LYou probably don’t need the National Climate Assessment to tell you that the number and severity of major weather events like heatwaves, rain downpours, ice storms, tornados, hurricanes, and wildfires caused by drought, have substantially increased. Each one of these events presents a threat to our electrical infrastructure. Power outages and loss of digital communications are not only an inconvenience and a threat to public health and safety, but they are also a major disruption to businesses costing the economy hundreds of billions of dollars. Climate Central states that 80% of power outages are caused by weather events. 

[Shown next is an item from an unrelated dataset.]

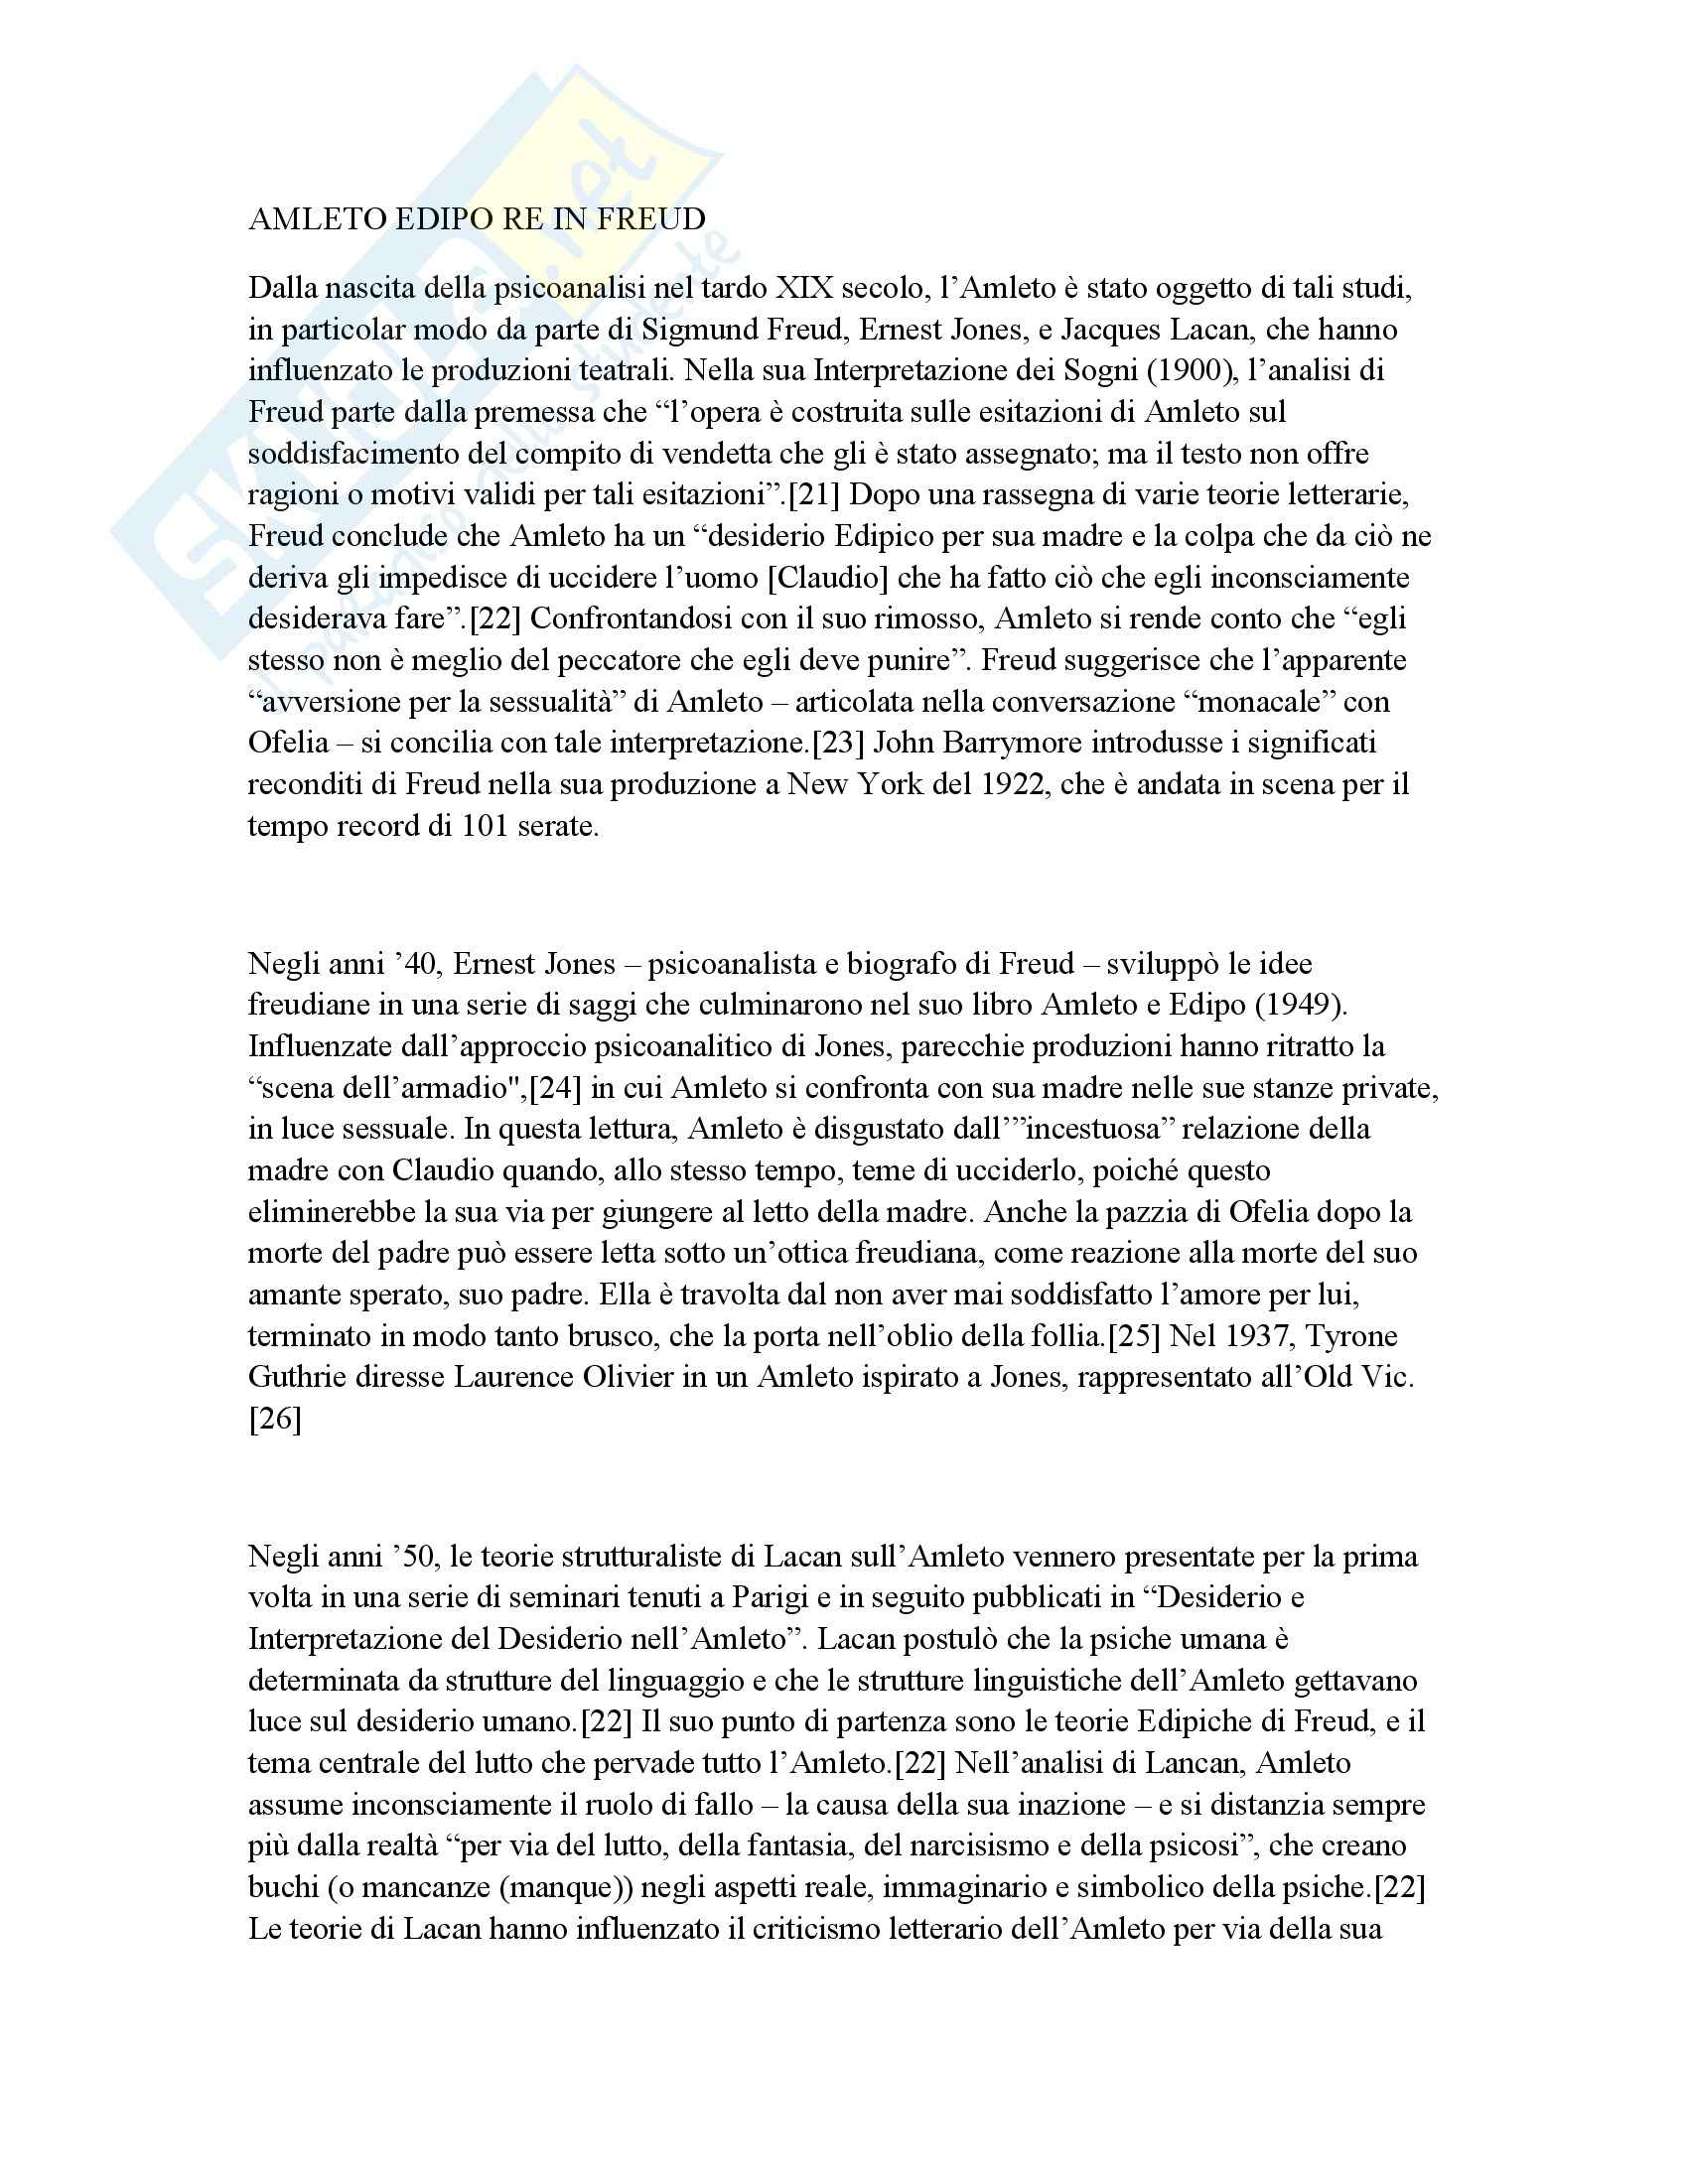 Psicologia clinica - Amleto e Freud - Appunti
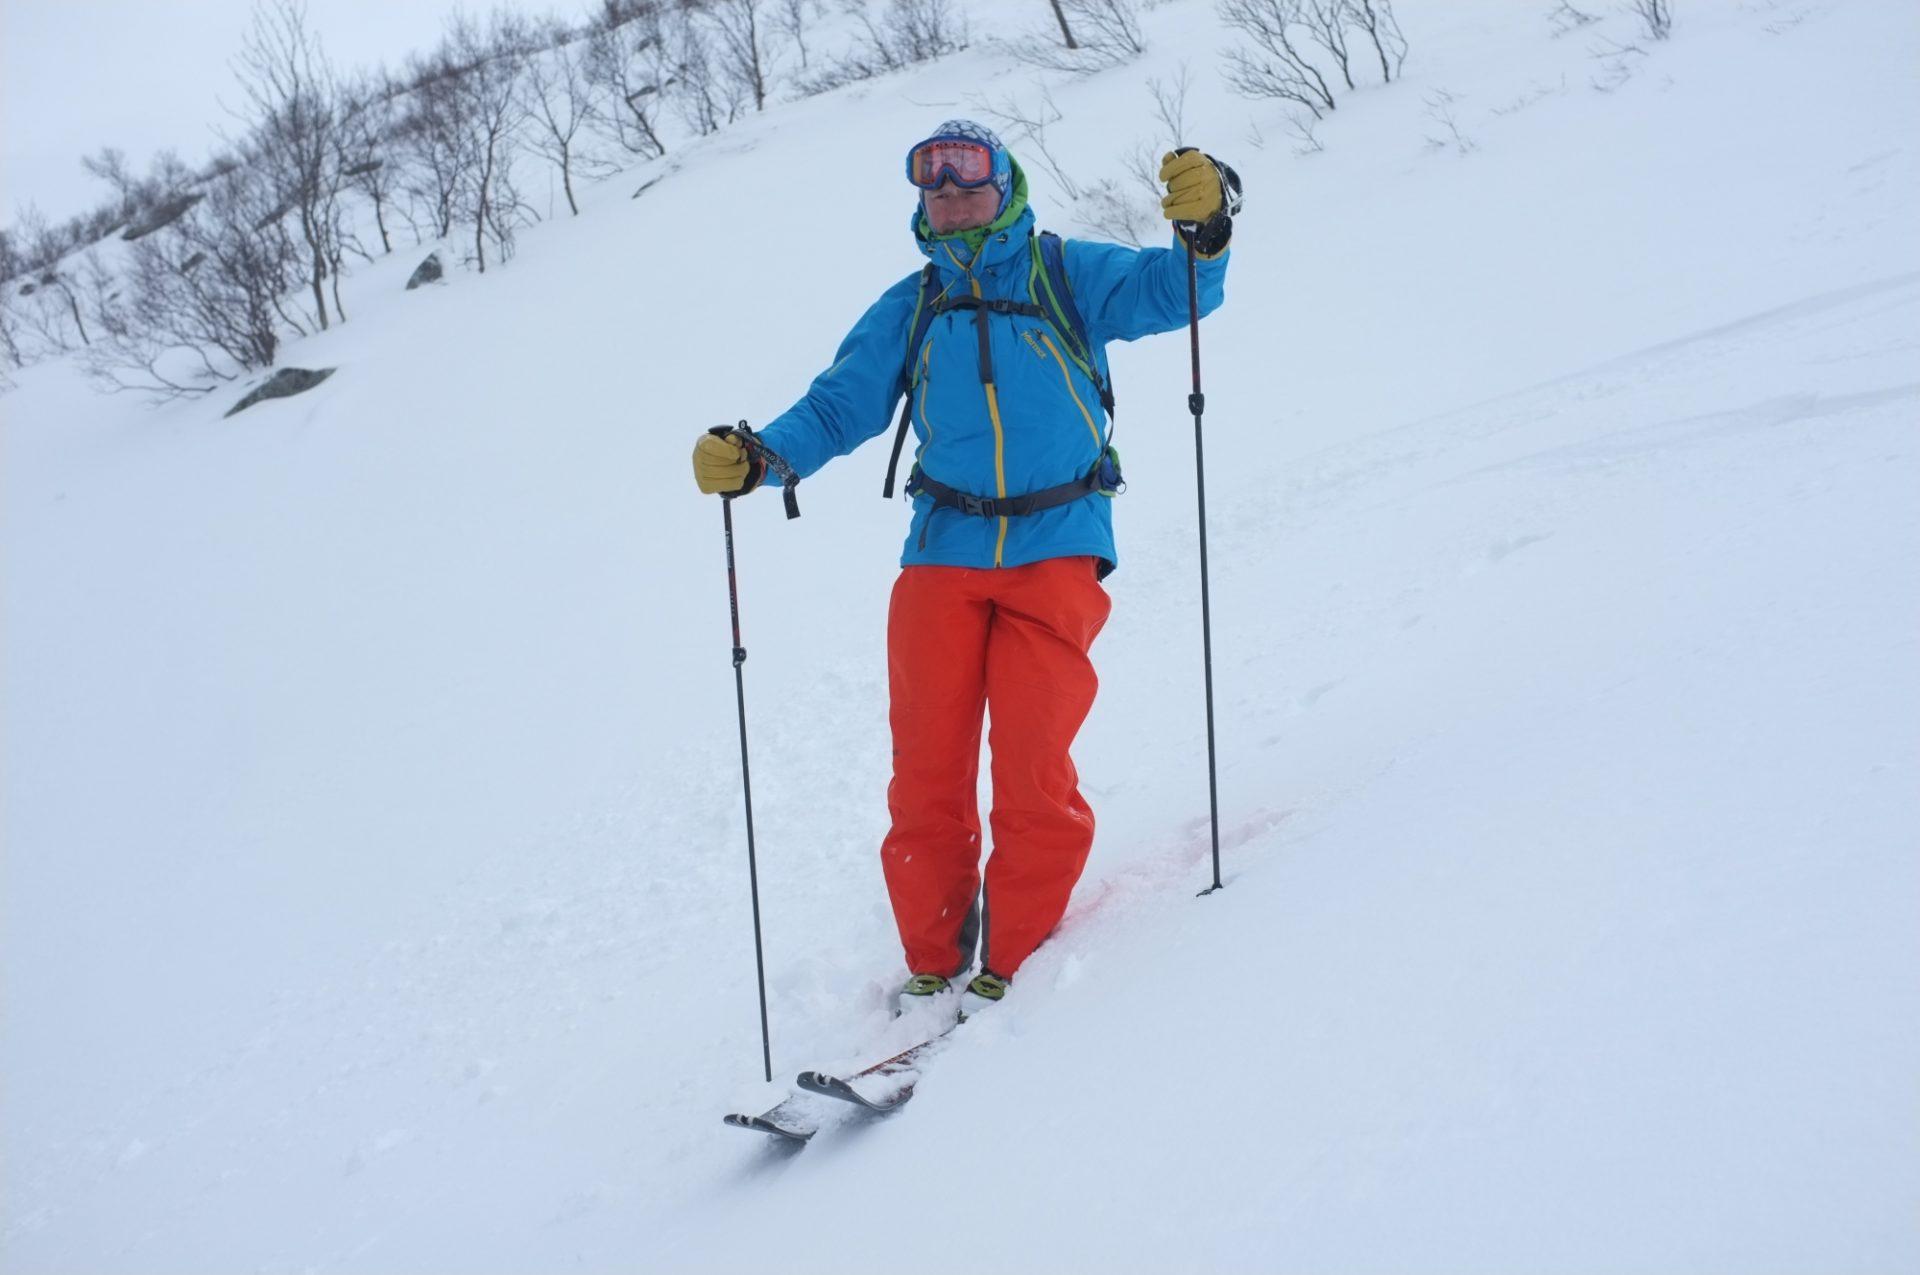 Bergsteigertipp: Ski an- und ausziehen

Therefore, electrical engineers are developing strategies to “Harden the electrical grid” to provide more reliable and resilient electrical and communications services. These new designs not only make the system less vulnerable to weather-related outages, but they will also reduce the time it takes to restore power after the outages occur.

Underground Power Lines

Running power lines underground is still the most common weatherproofing technique for electrical systems. Running power and communications lines underground insulates them from wind, ice, and tree damage.

Conduits

An important part of the underground system is the conduit that protects cables and wires, including transmission lines. PG&E Corp. plans to bury 10,000 miles of power lines to reduce wildfire risk throughout Northern California. Conduits used below-ground can be made of many types of material. But fiberglass conduit offers more benefits and safety because of its high dielectric strength. UL-listed Fiberglass conduit can carry transmission lines up to 125 KV. Fiberglass conduit also has a lower coefficient of friction than PVC. Therefore, the cable can be pulled farther, and fewer pull boxes are required. Plus, it is resistant to electrical faults, so the electric wire does not melt or weld to the conduit facilitating easy repairs. Other benefits of fiberglass conduit include its resistance to many chemicals, corrosion, and rodents.

While buried conduits are safe from wind, ice, and tree damage, they are not completely weatherproof. Buried lines are vulnerable to flooding. Flooding causes more economic damage than all other types of weather. Water penetration causes costly damage that is difficult to repair. Prevention of water penetration is essential in new construction or an upgrade. Durable sealing methods provide protection and play a vital role in a comprehensive system hardening program. The sealing method used to reduce or eliminate water varies from site to site. These mitigation strategies are easily cost-justified by saving on the cost of vital energy disruption and equipment restoration. 

Sealing Methods

There are a variety of situations that require different sealing methods. For example, conduits, wall penetrations, and wall cracks are scenarios that present a variety of substrates and shapes. Conduits often pass through the outside wall of a building or electrical vault at an underground level. So both the outside and inside of the conduit must be sealed.

The water may be flowing into the enclosure or building through the electrical conduit. Some sealants are formulated to be installed even when water is present. Seals must be compatible with other environmental factors like water, salt, corrosive material, or solvents. There are also these factors to consider: working temperature, vibration, or flexing. 

Conduit Sealants

Conduit sealants come in many forms. There are advantages and disadvantages among sealant choices, which we explain below:

• Mastic putty is a low-cost sealant with limited sealing performance. It doesn’t hold water or air pressure. And tends to sag and deform. 
• Cement/mortar, grout, and Plaster of Paris require water for onsite mixing. This also has an extended set time.
• Pre-engineered mechanical seals resist high water head and gas pressure, are easily removed, and help support cables. But, they can be challenging to install on a complex cable or high-conduit-fill configuration.
• Closed-cell expanding foam readily adapts to varied configurations, removes easily for future access, and offers robust chemical resistance. Foam selection is key, as the chemistry varies.

Water may also leak into the electrical vault around the outside of the underground conduit. Mechanical link style seals are engineered to be flexible, resilient in tough conditions, and guaranteed to be watertight, gastight, and airtight, so there is no return service call to re-tighten the nuts. 

“Did I install it correctly?” is the most commonly asked question when using a mechanical style product. Some seals give you an “installed right” indicator. This gives the property owners the added peace of mind and security that the seal has been installed properly. Electrical crews also appreciate having the nuts molded into the pressure plate, a design that greatly reduces the risk of lost parts. Plus, no torque wrench is required.

Mechanical seals with segmented ring design are a faster and easier method of sealing the outside diameter of the conduit, over mechanical link style products. The segmented ring technology allows you to fit various outside dimensions of conduit or cable with one seal in your field inventory. It also provides the installer optical and tangible security through the integrated control opening.